A Merged Satellite Atmospheric Data Set for Hydrology and Climate Studies

* Fetzer, E J (Eric.J.Fetzer@jpl.nasa.gov), Jet Propulsion Laboratory, 4800 Oak Grove Dr., Pasadena, CA 91109, United States Dang, V (Van.Dang@jpl.nasa.gov), Jet Propulsion Laboratory, 4800 Oak Grove Dr., Pasadena, CA 91109, United States de la Torre Juarez, M (Manuel.Delatorrejuarez@jpl.nasa.gov), Jet Propulsion Laboratory, 4800 Oak Grove Dr., Pasadena, CA 91109, United States Irion, F W (William.F.Irion@jpl.nasa.gov), Jet Propulsion Laboratory, 4800 Oak Grove Dr., Pasadena, CA 91109, United States Lambrigtsen, B H (Bjorn.H.Lambrigtsen@jpl.nasa.gov), Jet Propulsion Laboratory, 4800 Oak Grove Dr., Pasadena, CA 91109, United States Read, W G (William.G.Read@jpl.nasa.gov), Jet Propulsion Laboratory, 4800 Oak Grove Dr., Pasadena, CA 91109, United States Waliser, D E (Duane.E.Waliser@jpl.nasa.gov), Jet Propulsion Laboratory, 4800 Oak Grove Dr., Pasadena, CA 91109, United States

Several of the instruments in the NASA A-Train satellite constellation observe atmospheric water quantities.

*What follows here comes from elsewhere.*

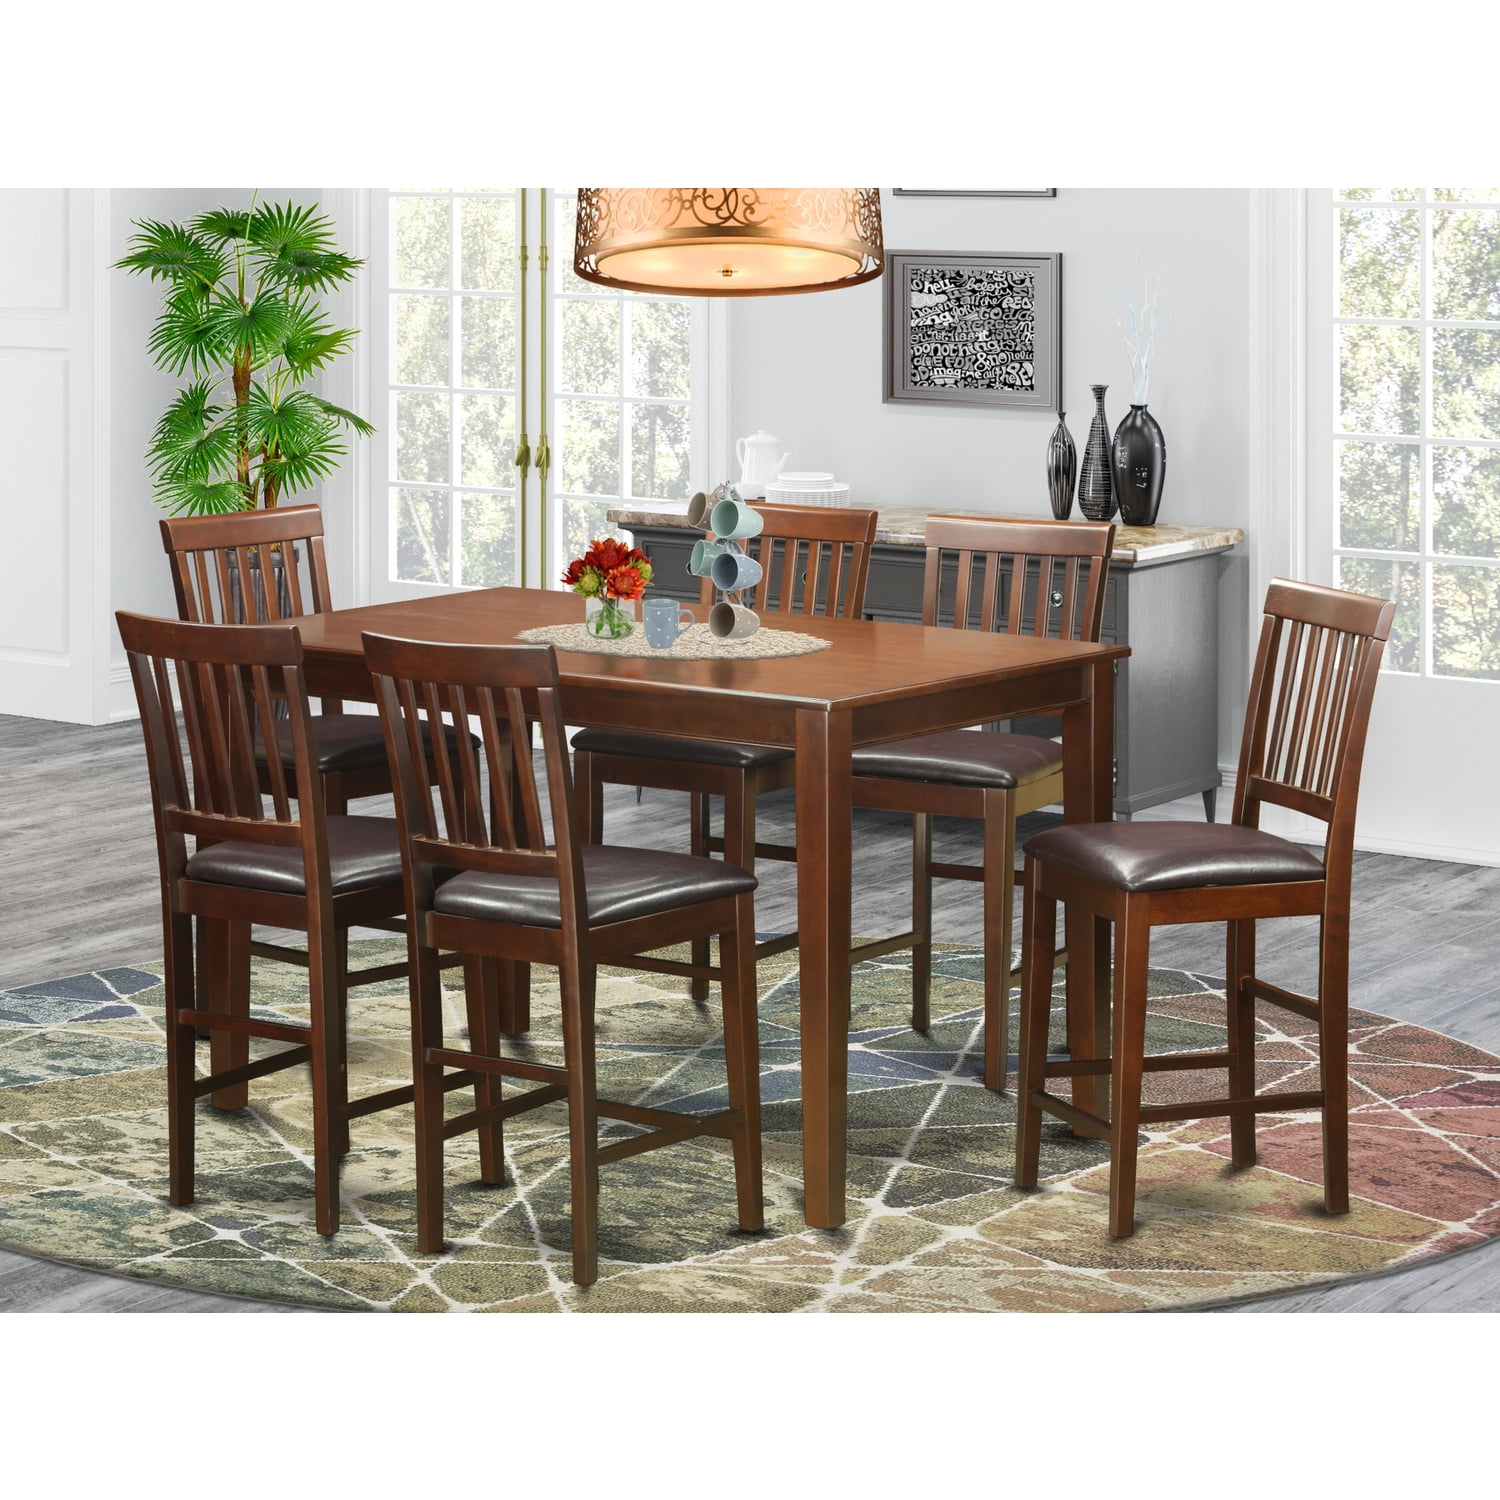 Counter Height Table Set Pub And, Round Pub Table Seats 6
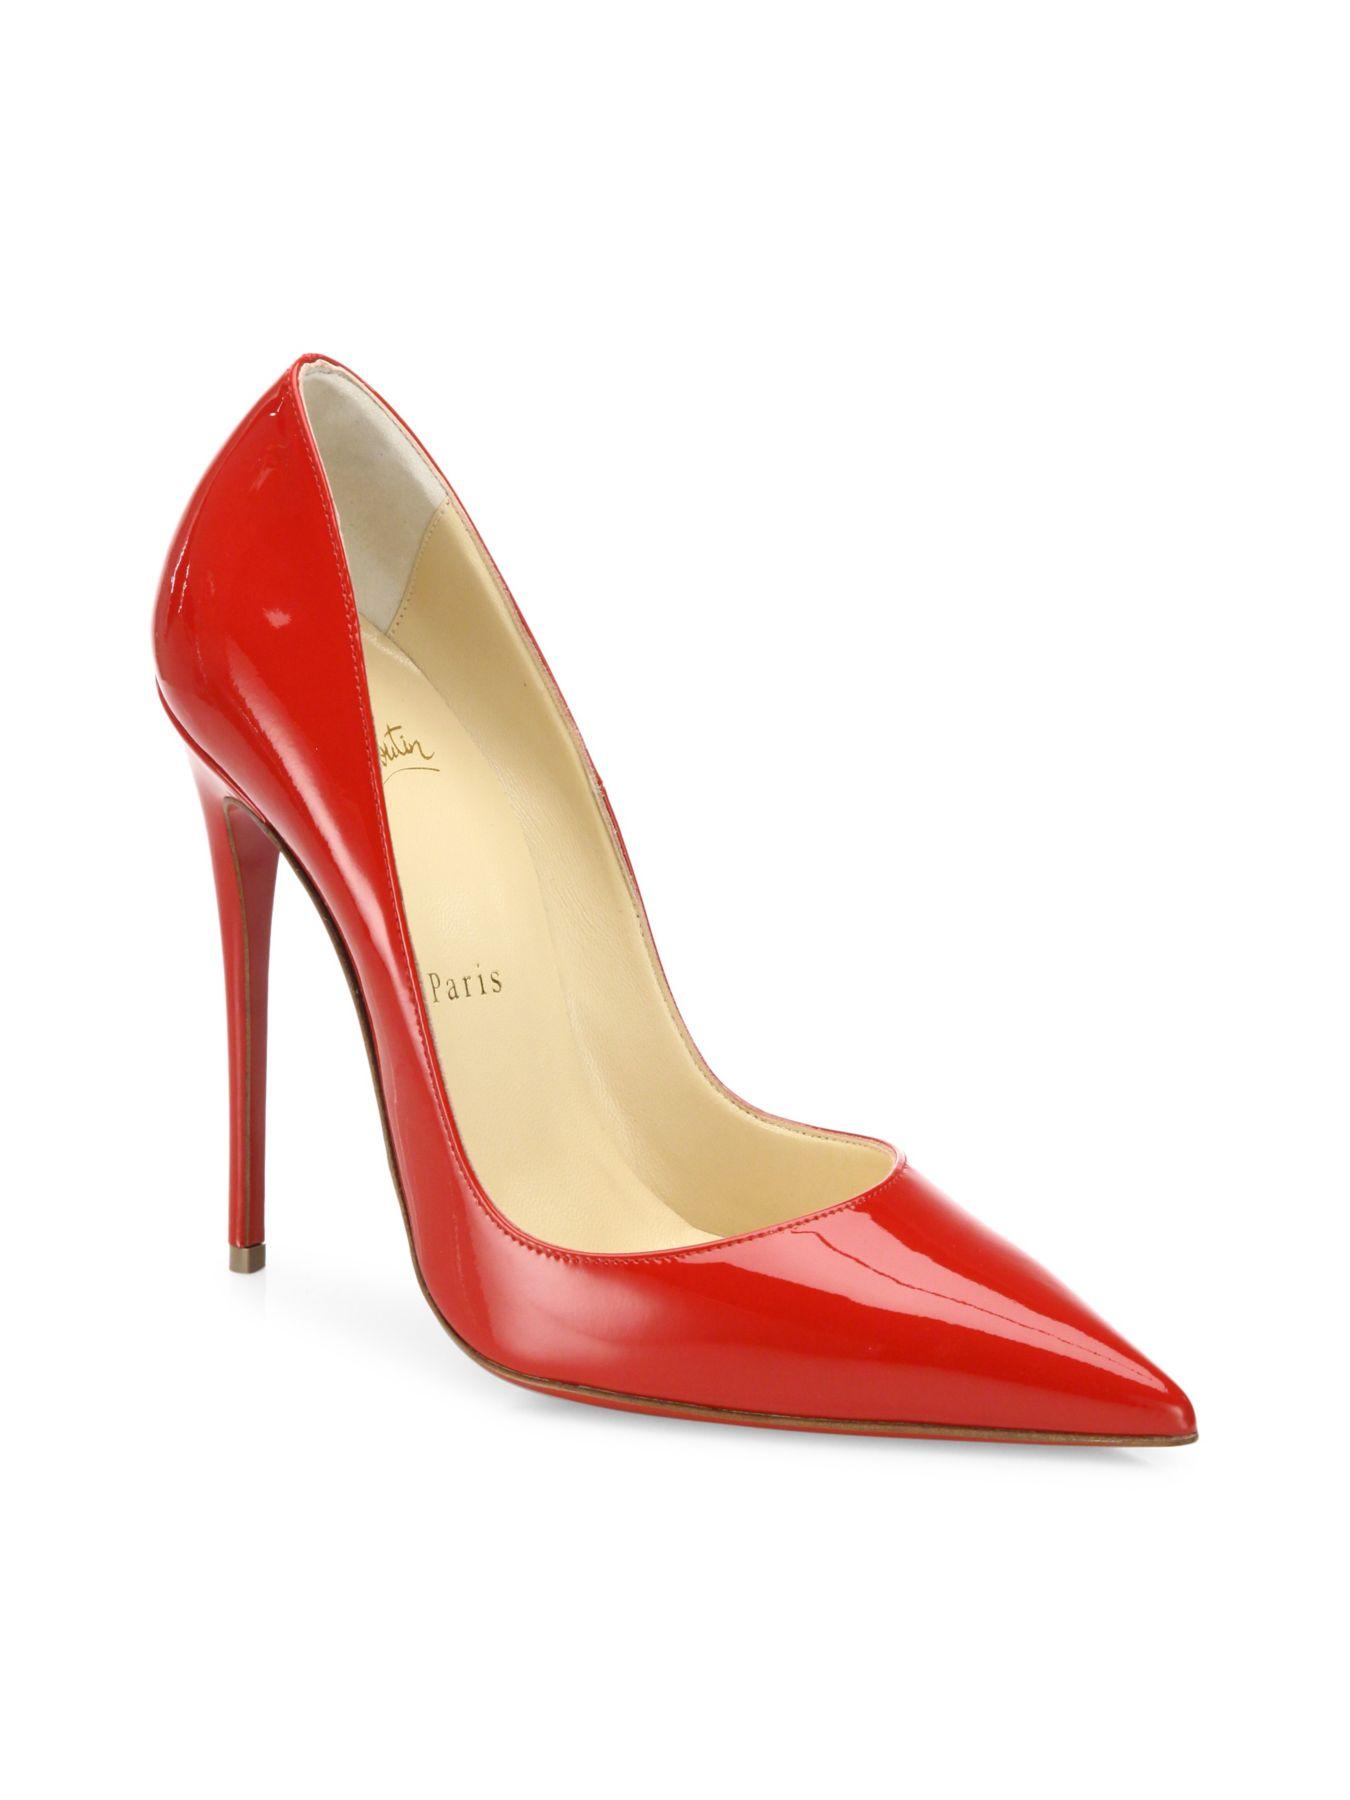 Christian Louboutin So Kate 120 Patent Leather Pumps In Red Lyst

These instruments included the Atmospheric Infrared Sounder (AIRS), the Advance Microwave Scanning Radiometer for EOS (AMSR-E) and the Moderate-resolution Imaging Spectroradiometer (MODIS) all on Aqua, the Microwave Limb Sounder (MLS) on Aura, the Cloudsat radar, and the Cloud-Aerosol Lidar and Infrared Pathfinder Satellite Observation (CALIPSO) lidar. AIRS, AMSR-E, MODIS and MLS measure water vapor, while CloudSat, CALIPSO, MLS AMSR-E, MODIS and AIRS observe a variety of cloud properties, including fraction, top height and bottom and cloud ice and water distributions. Because these satellites fly in formation as part of the A-Train, these measurements are made with overlapping spatial coverage and time coincidence of a few minutes or less. These sampling characteristics preserve the instantaneous relationship between water vapor, cloud liquid, and cloud ice. We are combining these observations into a long-term data record as part of NASA's Energy and Water Cycle Study (NEWS) program. The merged data set is providing observational constraints on numerical models of the hydrologic cycle. Some of the challenges inherent in this work include reconciling similar quantities observed by different instruments, placing observations from different sampling grids into useful formats, merging data sets with different height coverage, and distilling relevant quantities from very large data sets of several years' duration. We also show long-term variability of water vapor observed with this data set.